The markets are simply a waste of good time today....so....I am off to do other more productive things with my time.
Is the market overreacting? Of course… but I do think that rates needs to be raised… it’s well overdue… this whole notion that we keep on borrowing and spending uncontrollably is silly to me… so the market tanks today because of the usual fears.. honestly I’m all for it, but don’t come up tomorrow and say “well we misspoke and actually we can go back to stimulus and debt and spending, we were only kidding with you folks” … just… enough with this back and forth already… it’s been like that the whole year. Investors - who gives a f*** if the market goes to correction mode and even if we end up being in the red for the year… as long as you invest in SOLID companies… that’s all that matters.
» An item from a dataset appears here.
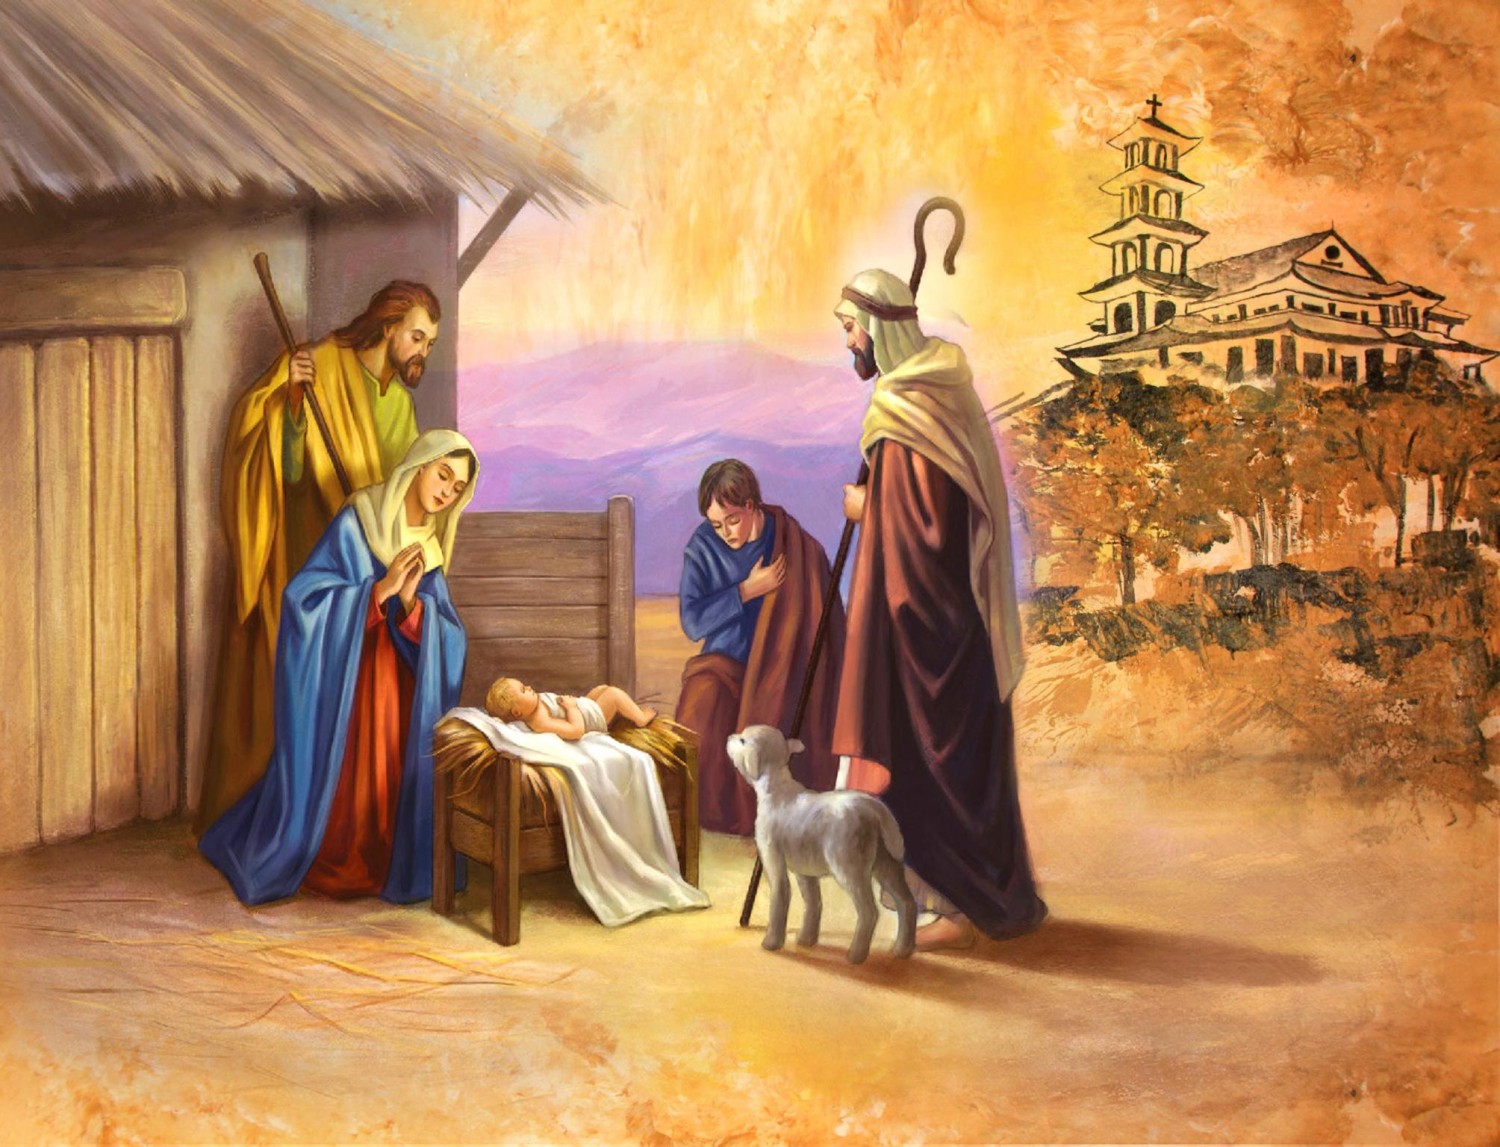 Thiệp chúc mừng Lễ Giáng Sinh và Năm mới của Đức Giám mục Giáo phận

Good opportunity for the market to cough out the idiots who piggy banked on an otherwise healthy market and distorted it with meme stocks and investments in failing companies… and while you’re at it, go and move your investments somewhere else… like… crypto currencies! Take your money from the stock market and put it in crypto -where it’s safe! Let’s see how long that party will last… For one, I’m happy with seeing this all burn down, hopefully this is the big one and we can go back to a corrected version once and for all… at least for another year or two
I find it hysterically funny that Macy’s which I bought over a year ago for a song is the only position which is SOLID green. Kind of a sign to me that the market is still very very silly… Overall I’m just shy of 50% gains on my investments collectively since inception, so days like today, and talks about bear markets/correction do not scare me… 80% of my portfolio consists of SOLID companies which I believe in… 20% or so I have great belief in but haven’t yet proven their worth… one of which I liquidated yesterday - RGEN… the other 2 are PLTR and CRSP… which to me are EXTREMELY long term plays. From a bear market perspective, if I were to put all my eggs in one stock, I will probably go with Amzn, since I am convinced that it is more or less accurately reflects the state of the market at the moment and has actually started to stretch earlier this year.. it is currently at +1.6 points YTD and that’s where I feel EVERYTHING should be BEST CASE SCENARIO at this point. Of course all of the other big market cap All Star companies COULD outperform Amazon, but Amazon to me seems safest and accurate
I'm with WXYZ , maybe I'll go the Dentist , sounds less painful than watching the market today. But,.......... I suspect someone............. to chime in any minute with the news that they just made a killing today On 3X or 5X short shares of something , the question is "How Big were your Cahones" ? Me I'm down about a BMW "M series" today
Yeah.....you cant fight the tape.....so why even try. I was a TOTAL SWEEP today......ALL RED. AND.....as expected I got beat by the SP500 by .72%. After ALL thee turmoil last week and now this week.......the SP500 is at +15.88% year to date. I did not calculate what I was year to date today when I just looked at my account and I am too lazy to log back in and see.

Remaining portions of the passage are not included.